I'm so glad to know I'm not alone in my frustration. I totally forgot I was using nightly. Thanks for the link!
From the hug link: Seems like it was only assigned to a dev a week ago. And with all the conditions for it to acrually land in the final menu, the chances look tepid at best...
I've switched back to the old menu until they fix the bug. I use open in normal tab tens of times a day.
Honestly, I'm kinda at fault here. Both my NextDNS and Pi-Hole block Telemetry, so they're not getting usage numbers to support prioritising the feature.
You can disable this?
Edit: found it. I disabled the experiment. Thank you so much!
I don't think it's you who is at fault here
There's a means built-in to shower usage. If my network blocks that and they think no one is using the feature. That's on me. As a Nightly user, I should support the product with bug reports and also things like letting them know which features I use and how often.

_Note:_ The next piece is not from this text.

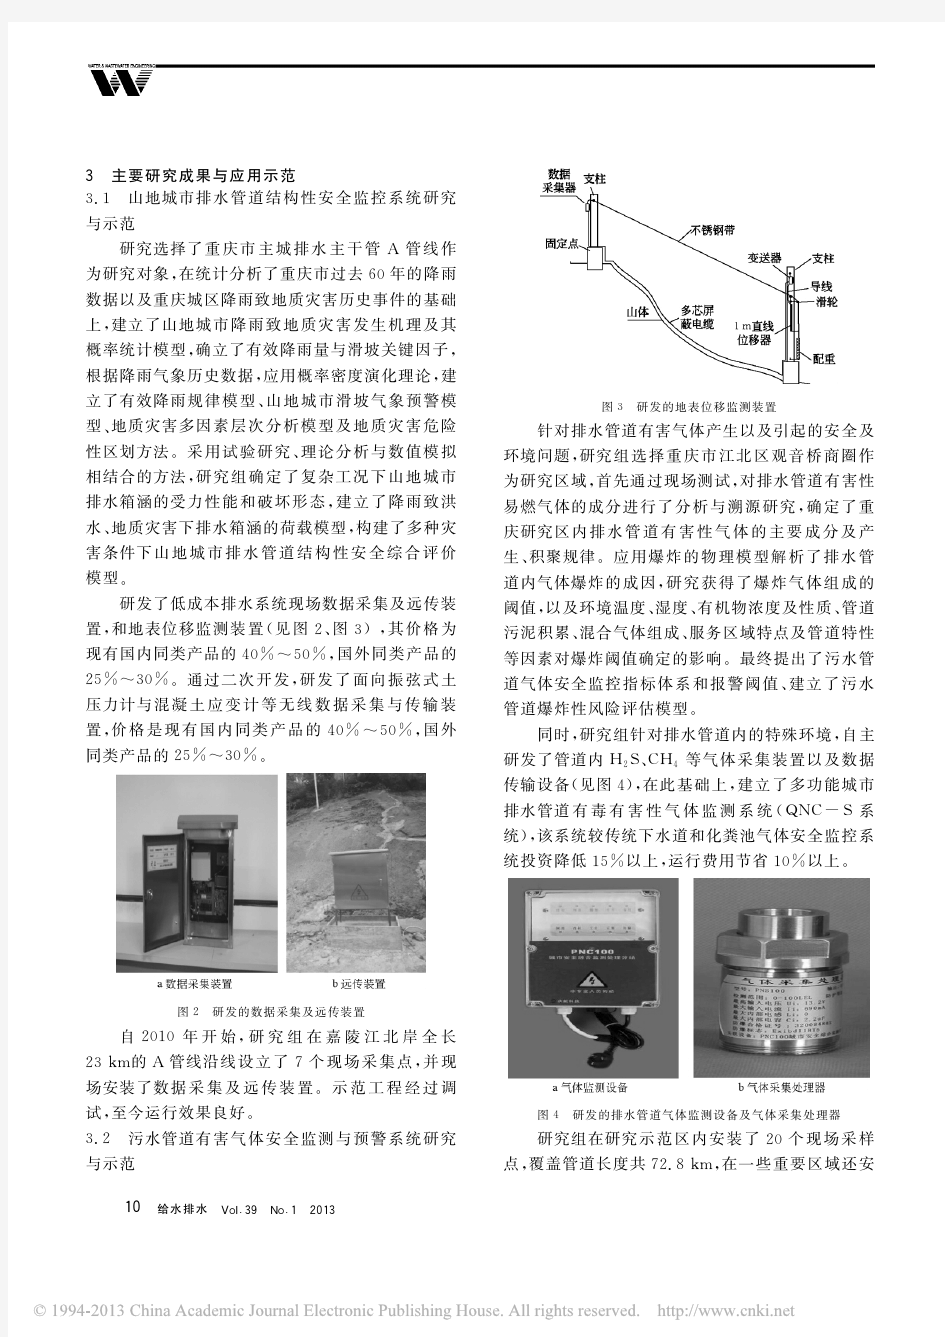 重庆主城排水系统安全与城市面源污染控制技术研究与综合示范

I'm blocking that too, it's even disabled in the settings. in my opinion they shouldn't be doing this in a privacy oriented browser in an opt-out manner. look at where they host the data: GCP and AWS. that's maybe fine for firefox sync data because it's encrypted (probably only on a per-record level though, so it may still be useful to measure activity), but for usage data, no thanks
that makes some difference, but they shouldn't count the needs of nightly users as the needs of release users. totally different userbase, to begin with
But your definition of privacy is different to theirs. You see all Telemetry as bad. They say that the world isn't so binary and that there's good telemetry and bad telemetry. Also they have data to prove that opt in doesn't work. They shouldn't kneecap an entire project just to keep a handful of privacy zealots happy. Of which I fall into that category given my DNS level blocks.
As for Nightly users, they're still users.